Microbial pathogenesis pii:S0882-4010(24)00453-4 [Epub ahead of print].
Staphylococcus aureus is widely distributed in environment and can cause various human infection and food poisoning cases. Also, this pathogen is a typical biofilm former, which further complicates its pathogenicity. Antibiotics have been widely used to eliminate pathogenic bacteria, but their indiscriminate use has also led to the widespread emergence of drug-resistant bacteria, such as Methicillin-Resistant Staphylococcus aureus (MRSA). In this study, the effect of antibiotics on biofilm formation of MRSA strains 875 and 184 was explored. Firstly, MRSA 875 belongs to SCCmec type IV, ST239, carrying the atl, icaA, icaD, icaBC, and aap genes, and MRSA 184 belongs to SCCmec type II, ST5, carrying the atl, icaD, icaBC, aap, and agr genes. Then, a total of 8 antibiotics have been selected, including kanamycin, gentamycin, cipprofloxacin, erythromycin, meropenem, penicillin G, tetracycline, vancomycin. Minimum inhibitory concentrations (MICs) of each antibiotic were determined, and MIC of MRSA 875 and 184 to kanamycin/gentamicin are 2048/64 μg/mL and 2048/4 μg/mL, respectively. A total of 10 concentrations, ranging from 1/128 to 4 MIC with 2-fold, were used to study biofilm formation.
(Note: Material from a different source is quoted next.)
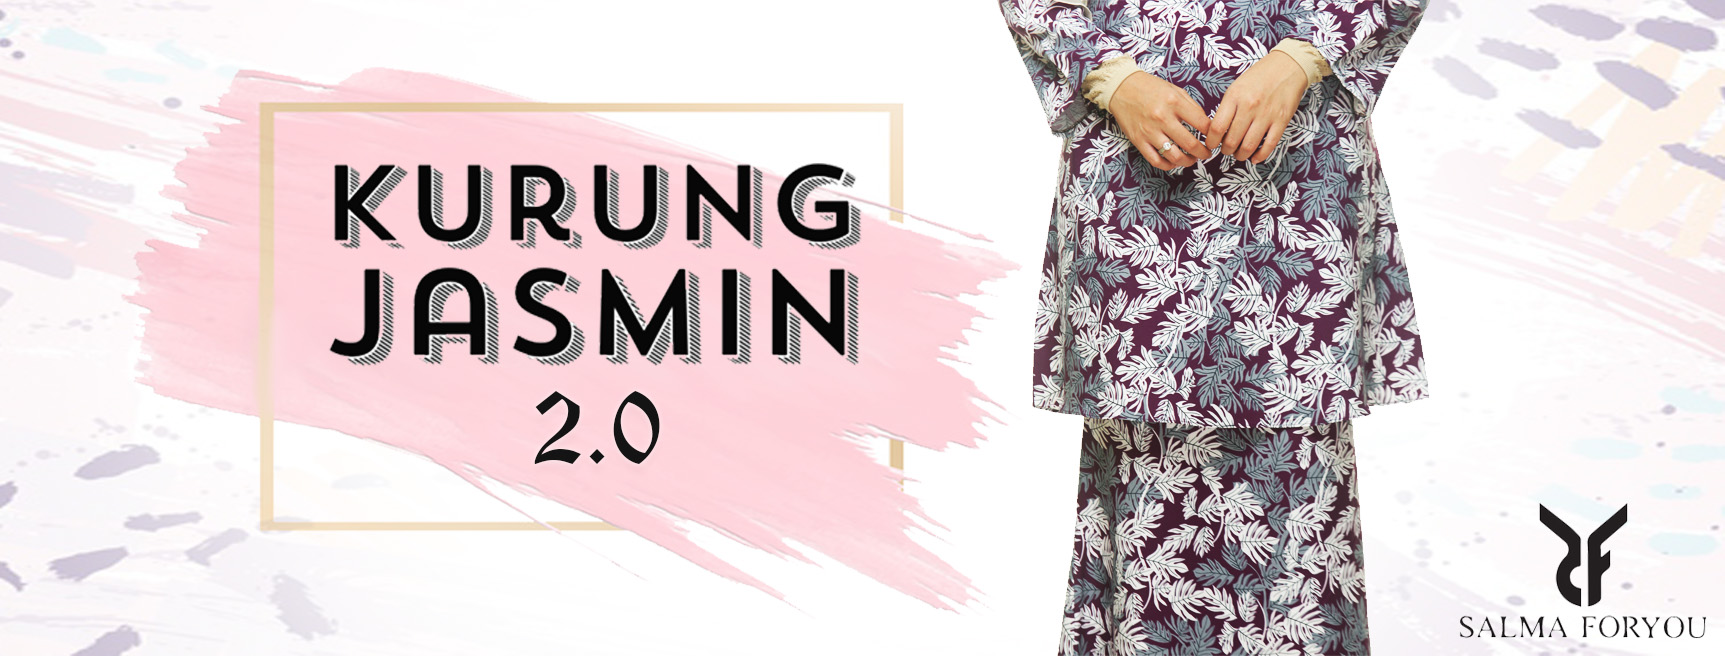 kurung-jasmin-website-cover2

Biofilm biomass and viability were determined during different phases, including initial adhesion (8 h), proliferation (16 h), accumulation (24 h) and maturation (48 h). Importantly, kanamycin at specific concentrations showed significant promotion of biofilm biomass and biofilm viability, with none of such observation acquired from other antibiotics. This study provides scientific basis and new research ideas for the quality control technology of microorganisms and safety prevention of MRSA.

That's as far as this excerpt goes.